→ YOUR OBJECTIVE: Using the data below, reproduce exactly the lines from the line with "Тагаз купить новый" to the line with "Abbildung der Zertifizierung", both included; pictures must be dropped.

→ RECORDED DATA:
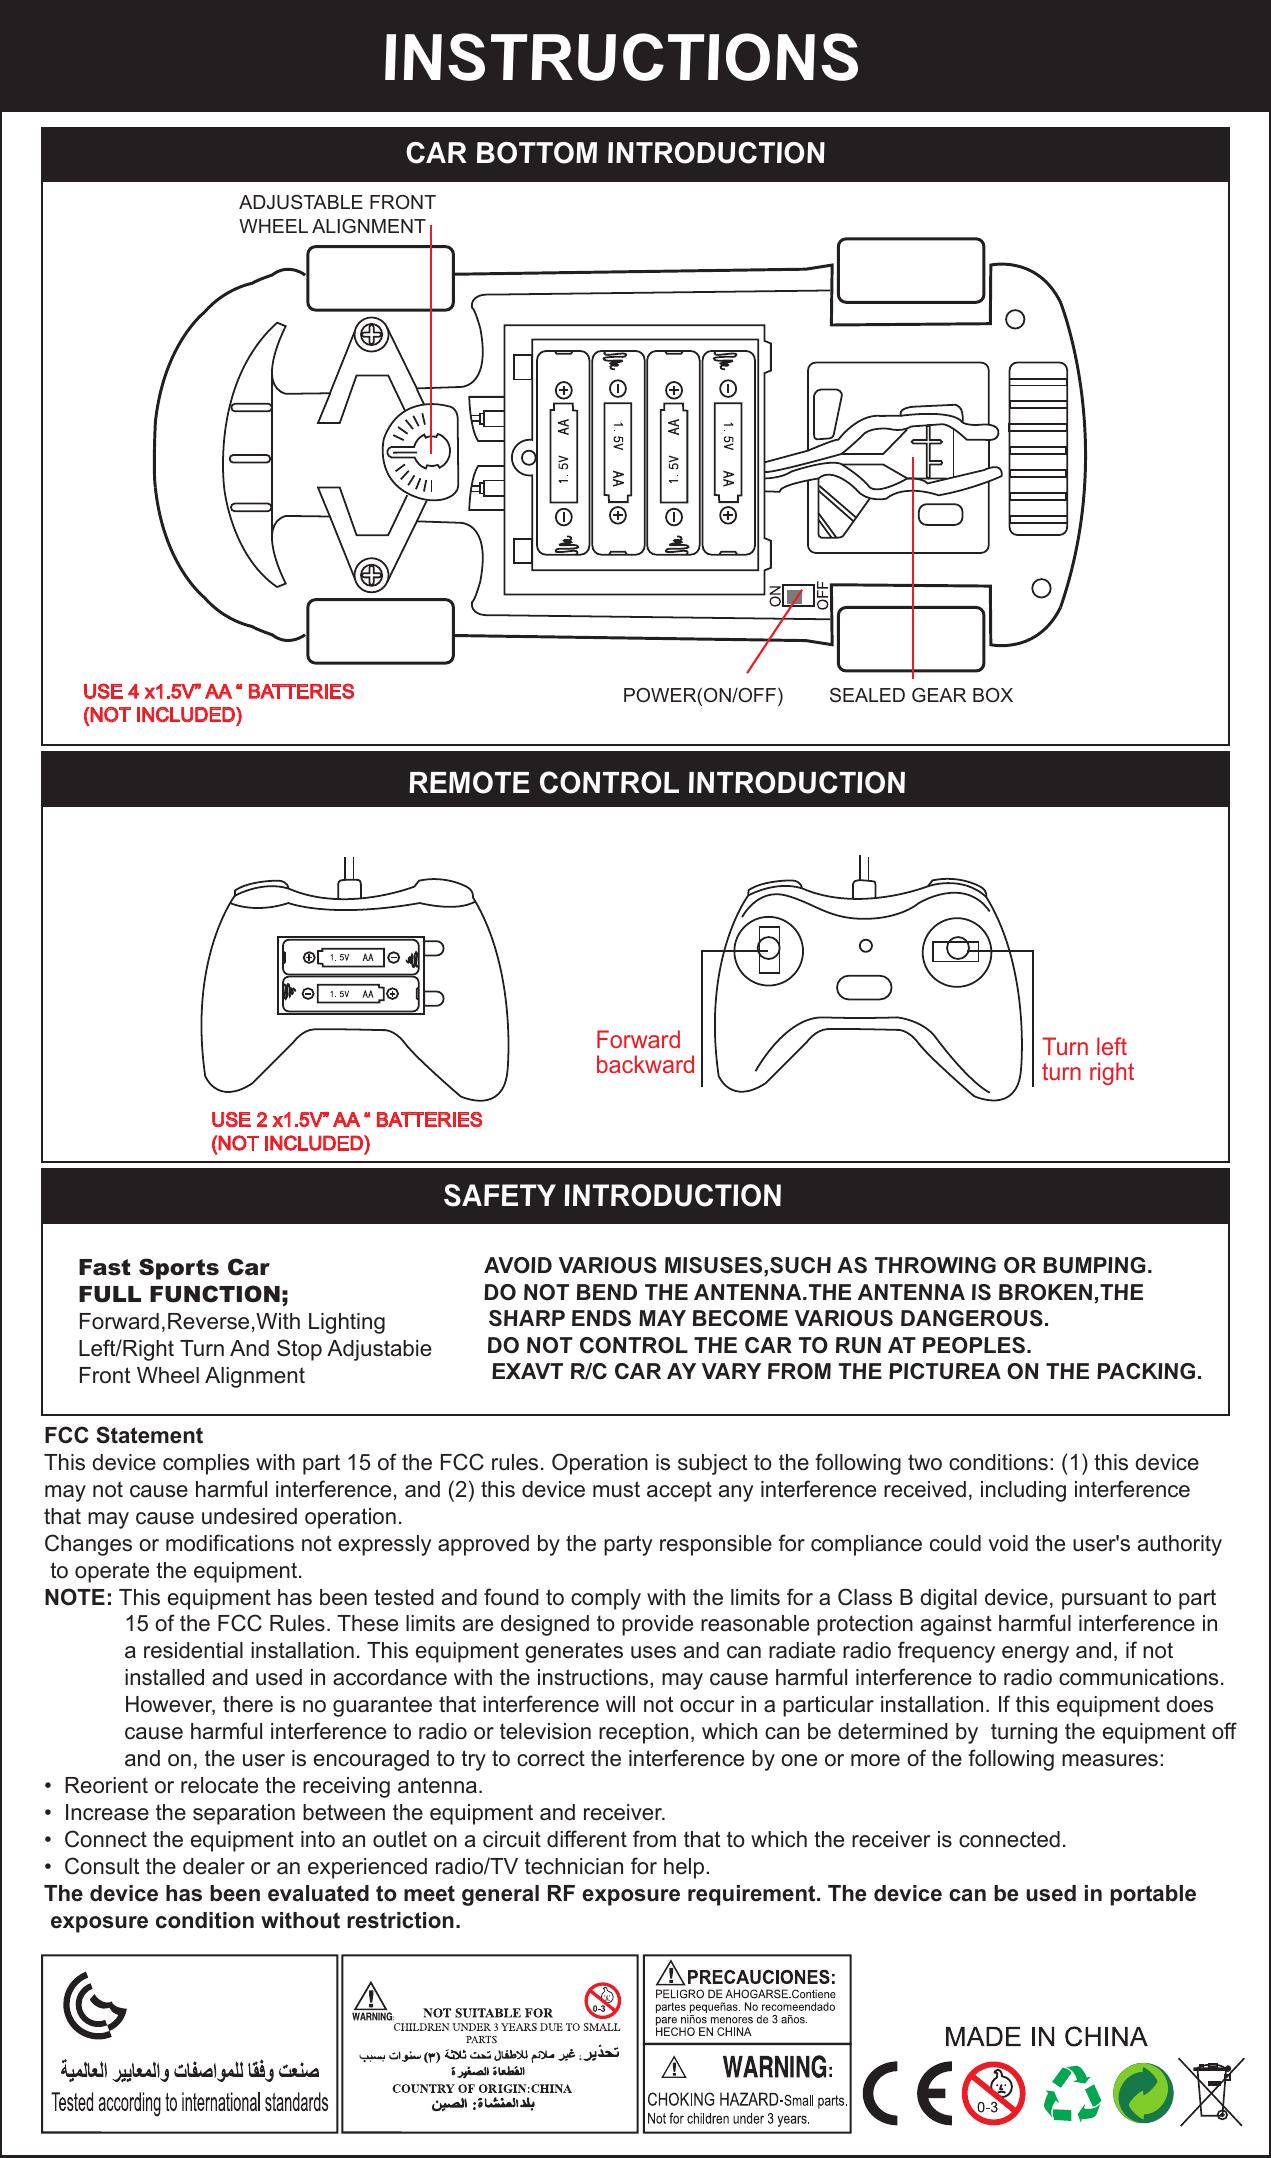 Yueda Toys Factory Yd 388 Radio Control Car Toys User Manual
* * *
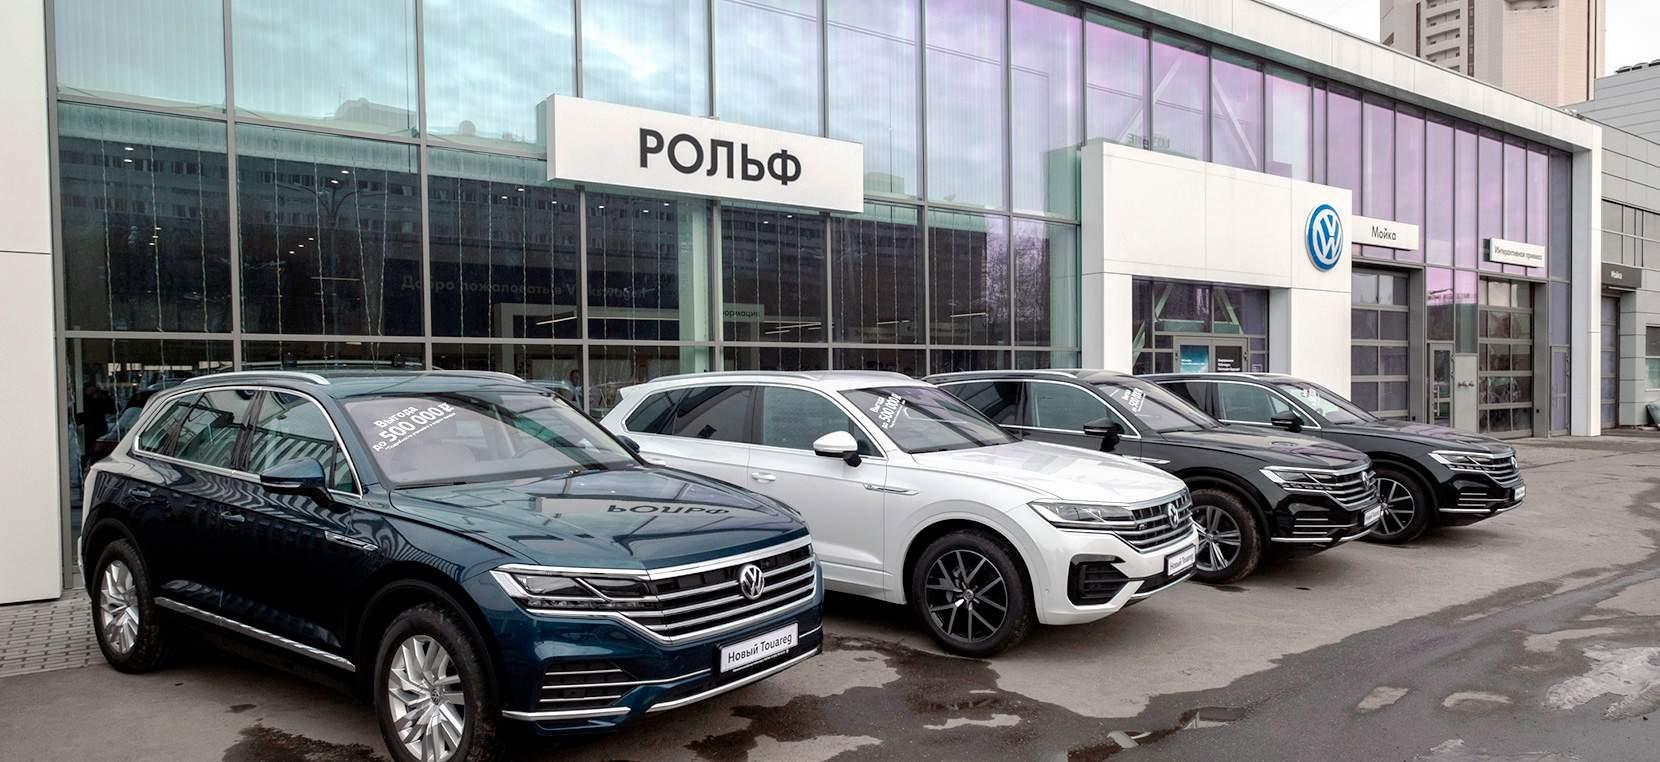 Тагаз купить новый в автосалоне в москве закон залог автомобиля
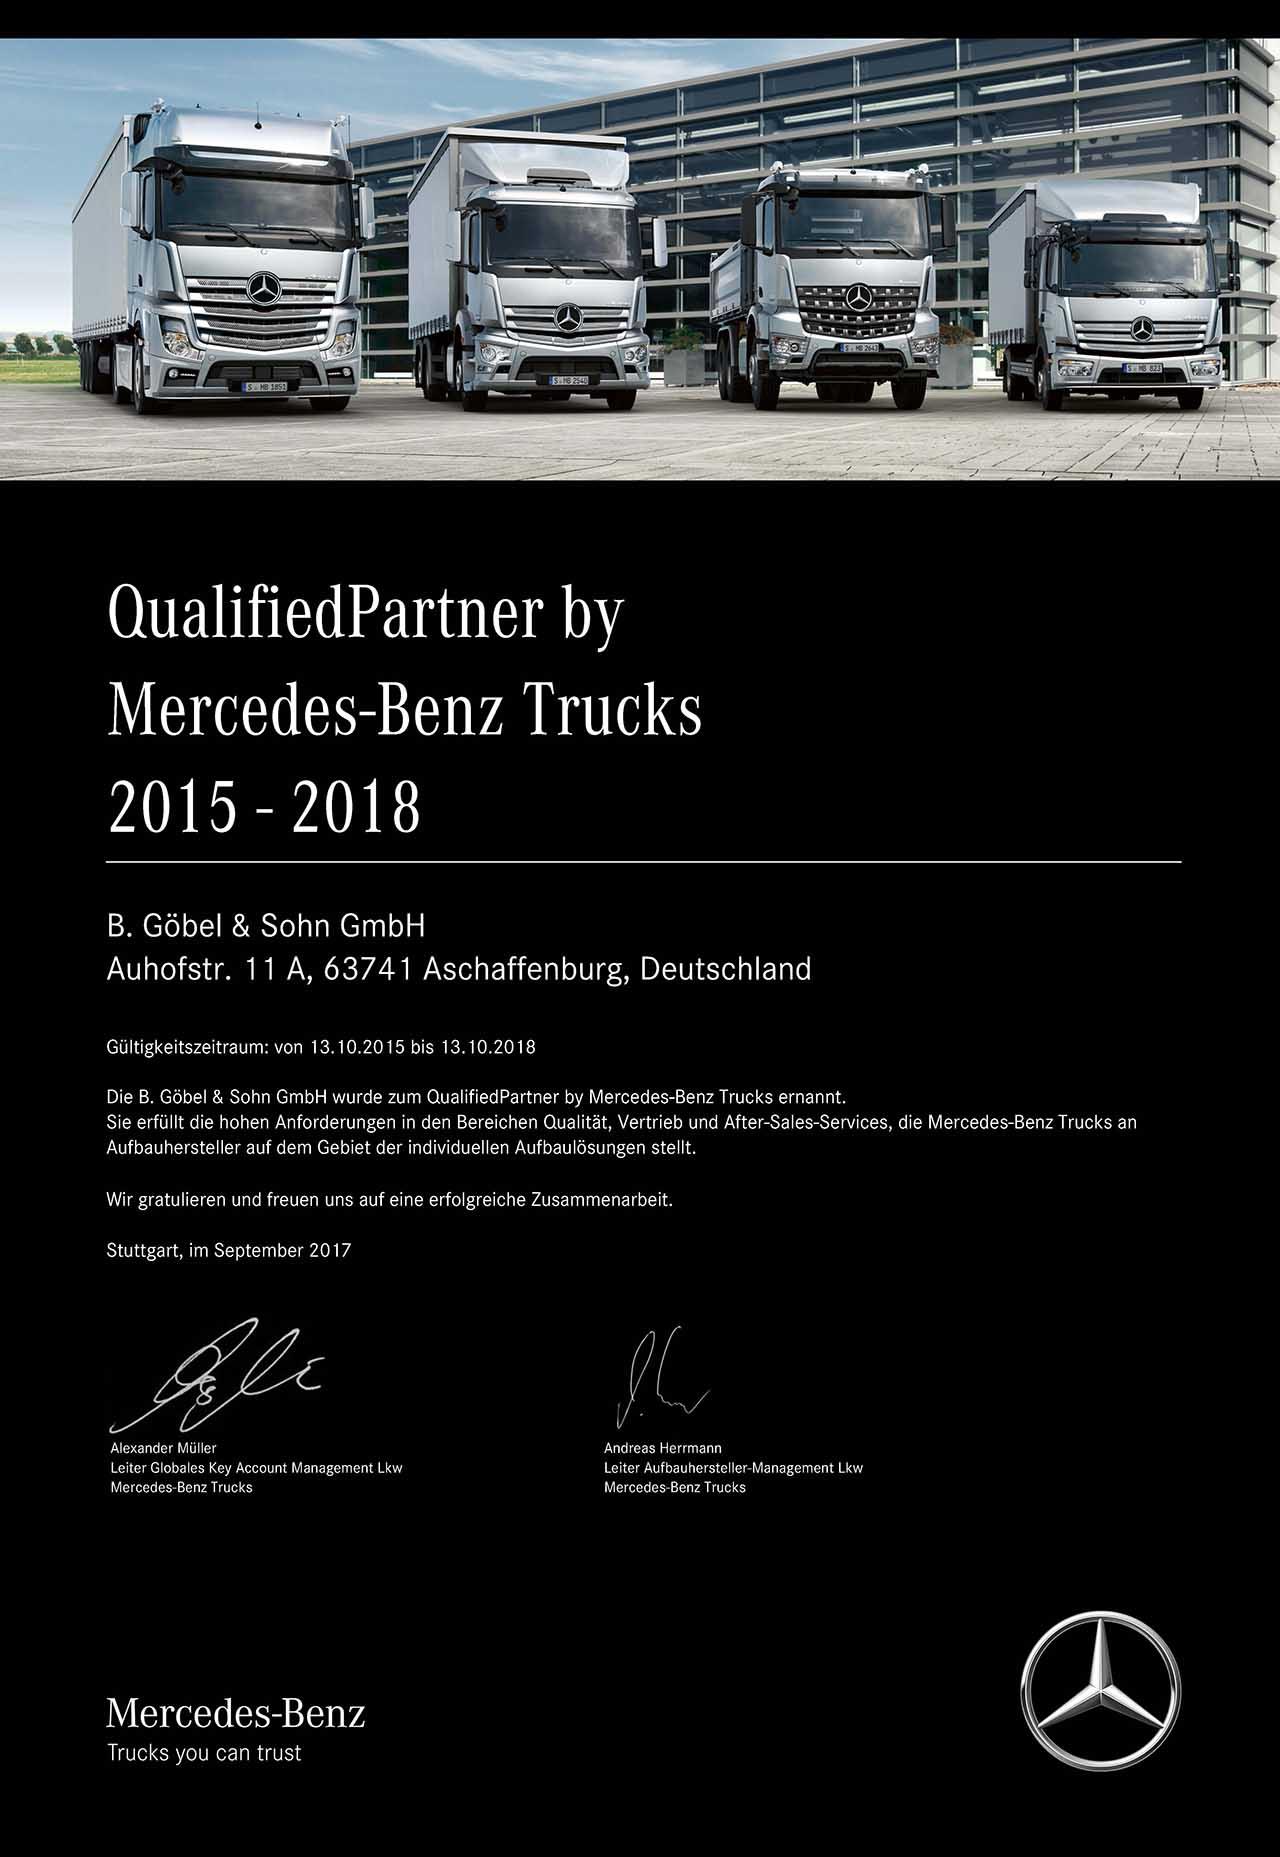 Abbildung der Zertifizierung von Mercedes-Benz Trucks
...
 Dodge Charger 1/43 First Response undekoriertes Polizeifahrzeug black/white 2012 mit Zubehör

→ EXERCISE OUTPUT:
 Тагаз купить новый в автосалоне в москве закон залог автомобиля
 Abbildung der Zertifizierung von Mercedes-Benz Trucks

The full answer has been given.